Но, главное, — приданое. Если бы я знала, что у меня что-то есть, я бы отчасти успокоилась, — все-таки некая реальность.
Да! здесь затевается студия, м. б. поставят мою «Метель», — не могли бы Вы мне прислать тот экз<емпляр>, к<отор>ый я Вам дала с собой? Здесь его достать невозможно. Очень, очень прошу. А если утерян, всегда можно достать в «Звене» (кажется, февраль 1923 г.).
С платьями у меня тоже трагично, единственное допустимое — Ваше зеленое А<лександра> 3<ахаровна> мне надвязала верх и рукава). В синее я еле влезаю, а вылезти уже почти невозможно, когда-нибудь застряну навеки (как в лифте!) А больше ничего нет. Беда в том, что приходится бывать в Праге, по делам сборника, сидеть с приличными (NB! Завадский) людьми — и в таком виде. У Людмилы Ч<ириковой> много платьев, и она (уверена!), если бы знала, с удовольствием дала.

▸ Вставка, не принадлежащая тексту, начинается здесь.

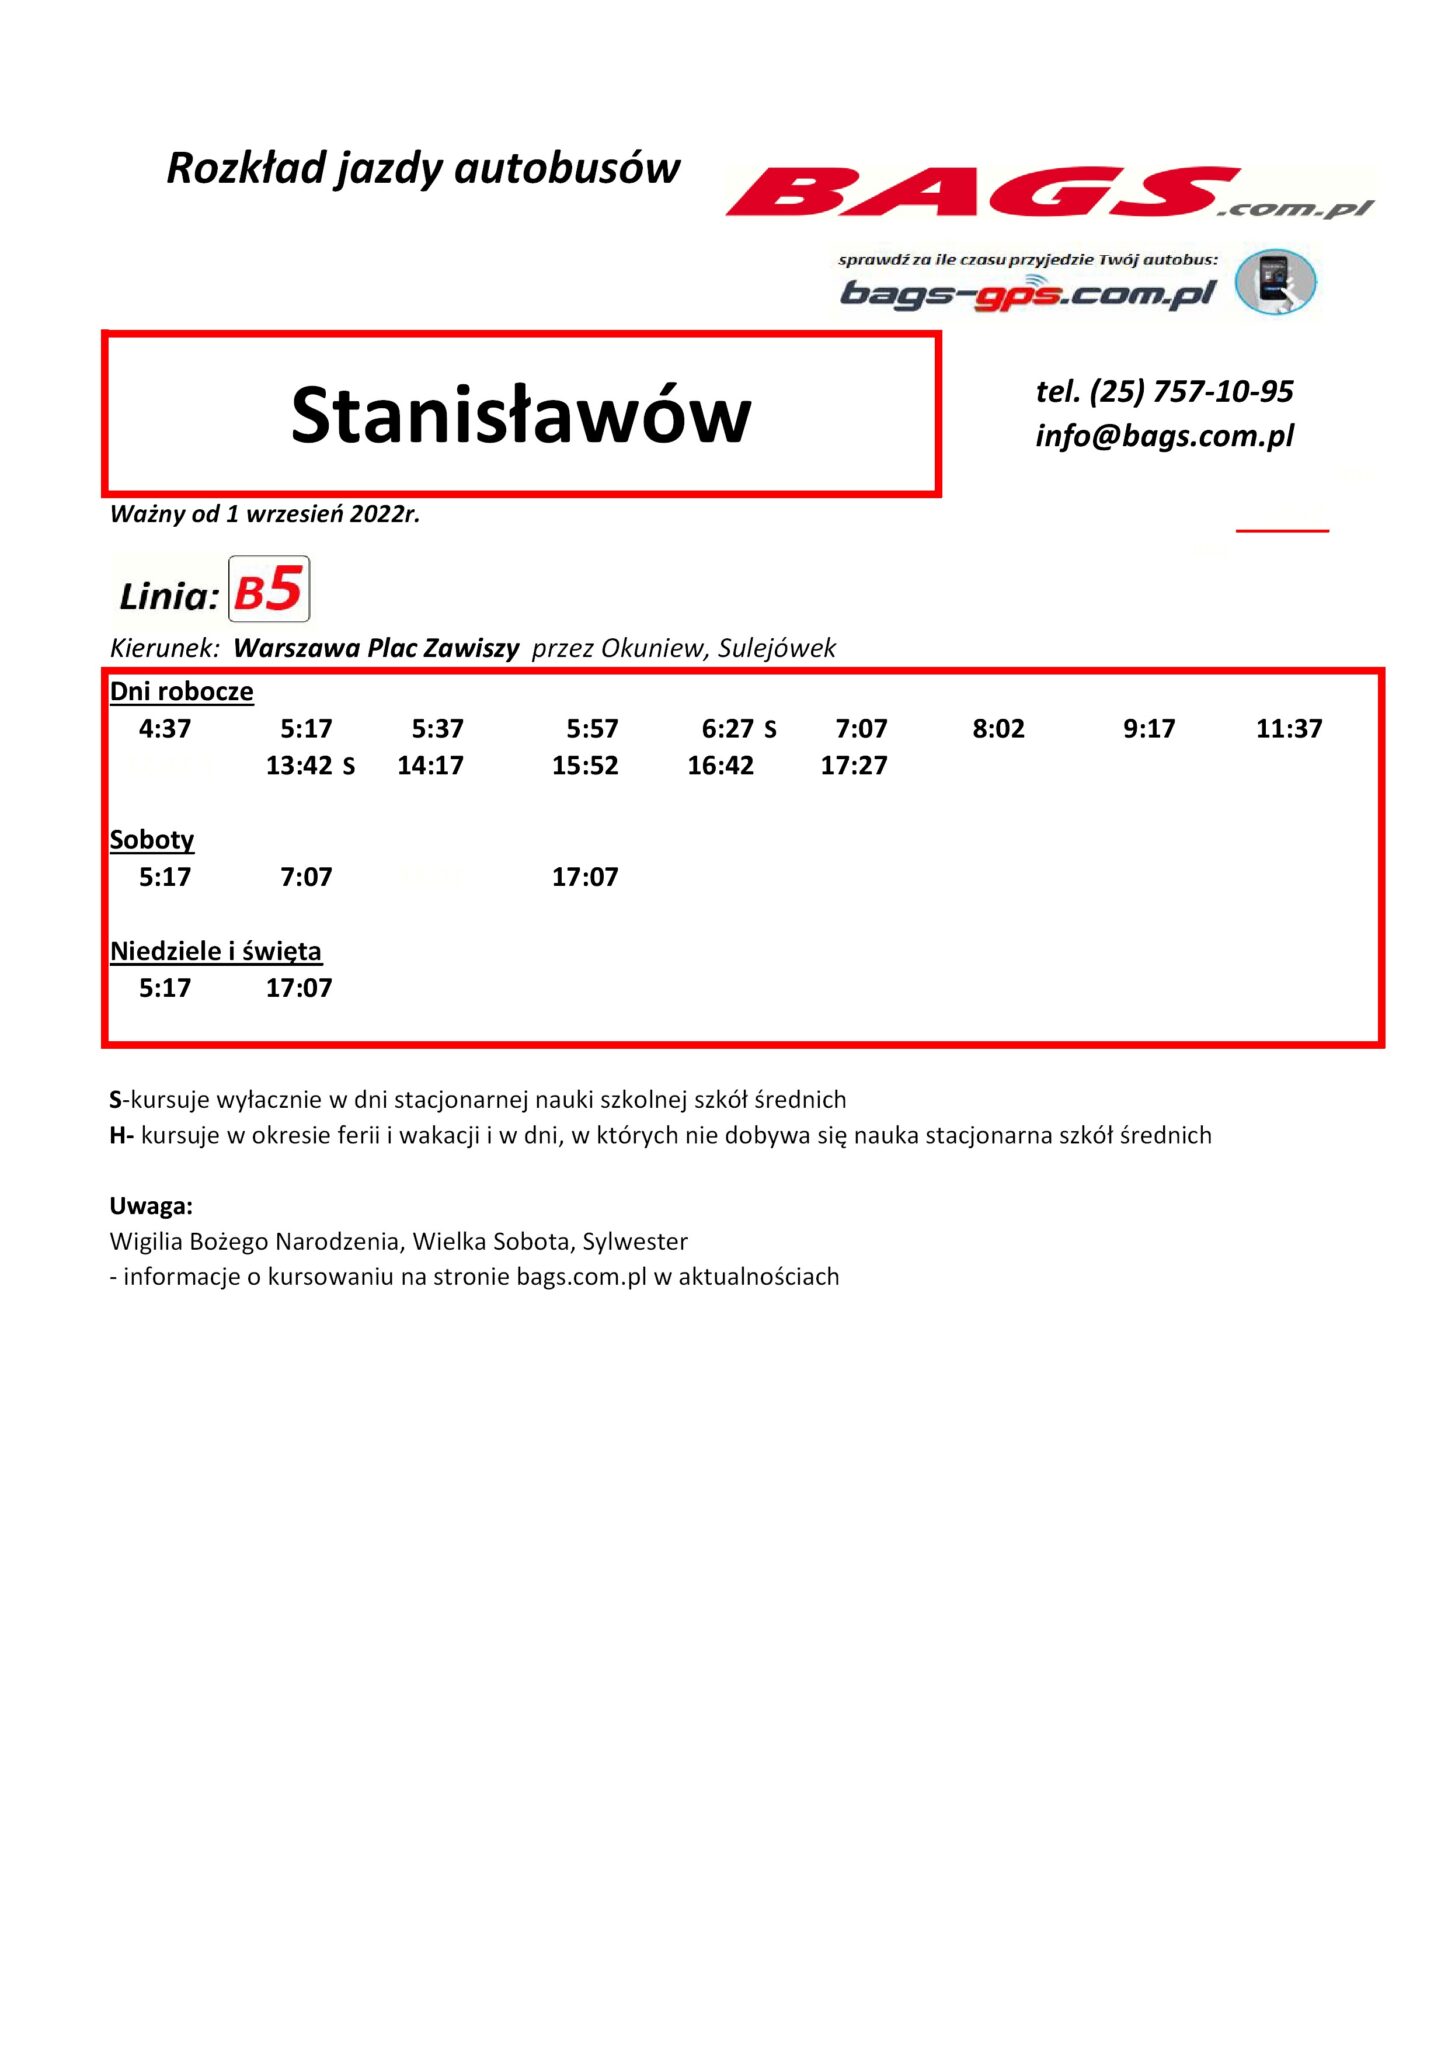 Stanislawow-1-1-1448x2048
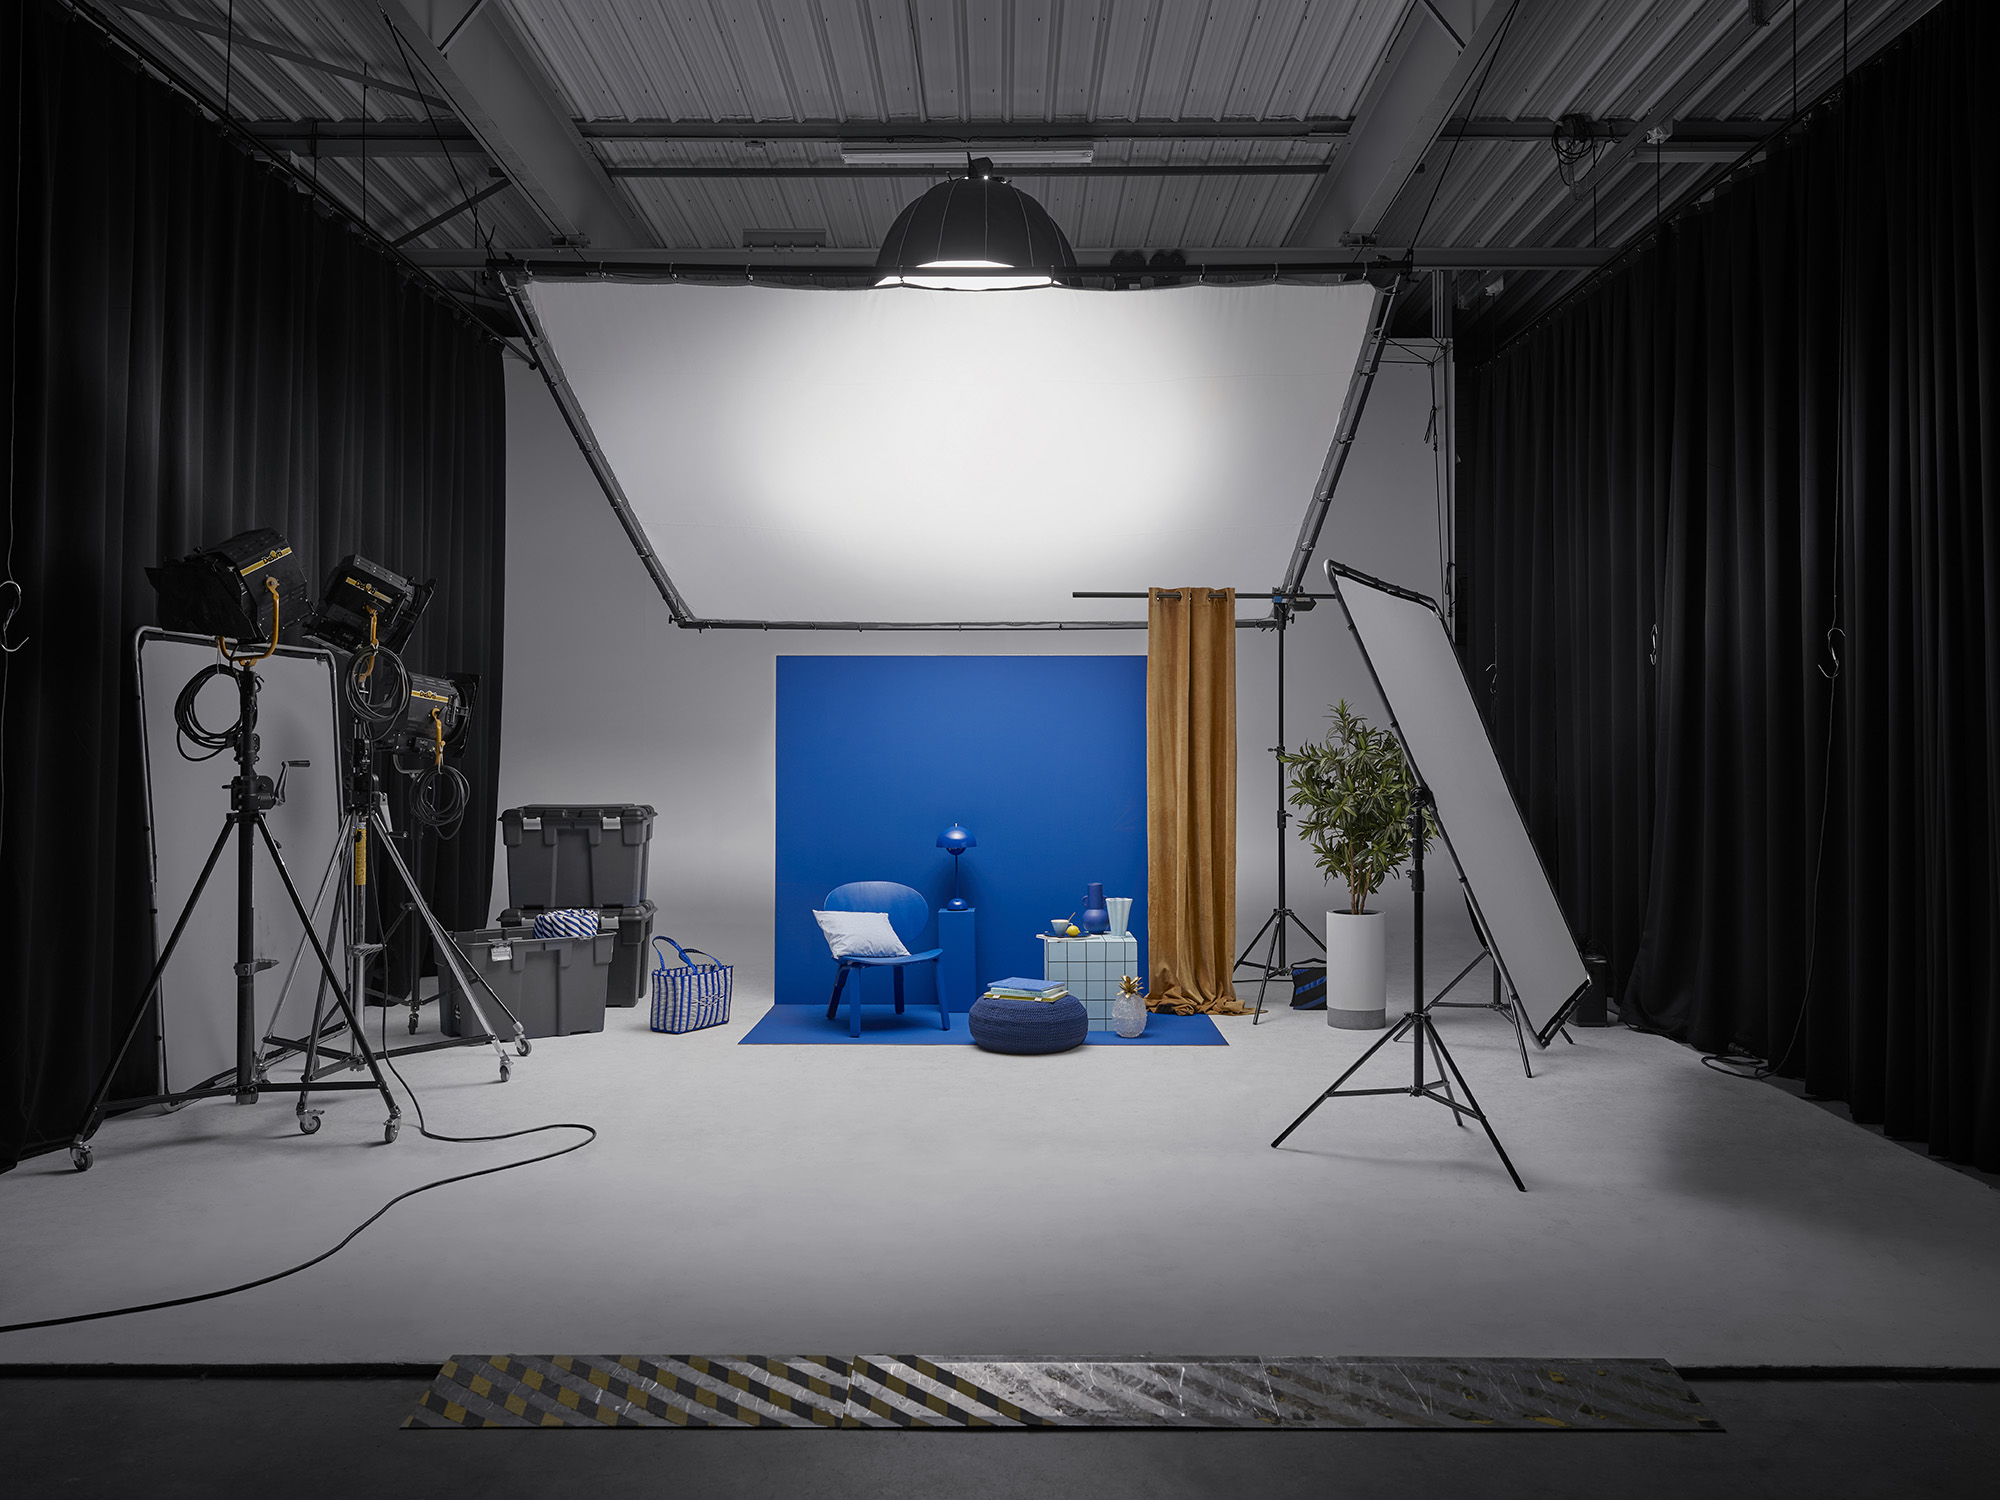 Décors dans un espace cyclo d'un studio de photographie. Du matériel photo un set design composé d'un fond principal lilas et d'accessoires de décoration : lampe bleue, rideau ocre, chaise colorée ...

Но… нужно обольстить. Еще беда (все беды зараз!) — бандаж. Корсет уже невозможен, все кости вылезли и весь он лезет куда-то вверх, под шею, а само břicho[127] на свободе. Какой-то неестественный вид. В этом Вы мне, конечно, помочь не можете, просто лазарюсь — иовлюсь — жалуюсь.
Но погода прелестная — ни льдинки, ни снежинки — осень с теплым ветром — без дождинки! — но… хозяин поставил печь (деньги — наши, печь — его: в рассрочку!), и вчера мы с Алей были в к<инематогра)фе на «Нибелунгах».[128] Великолепное зрелище.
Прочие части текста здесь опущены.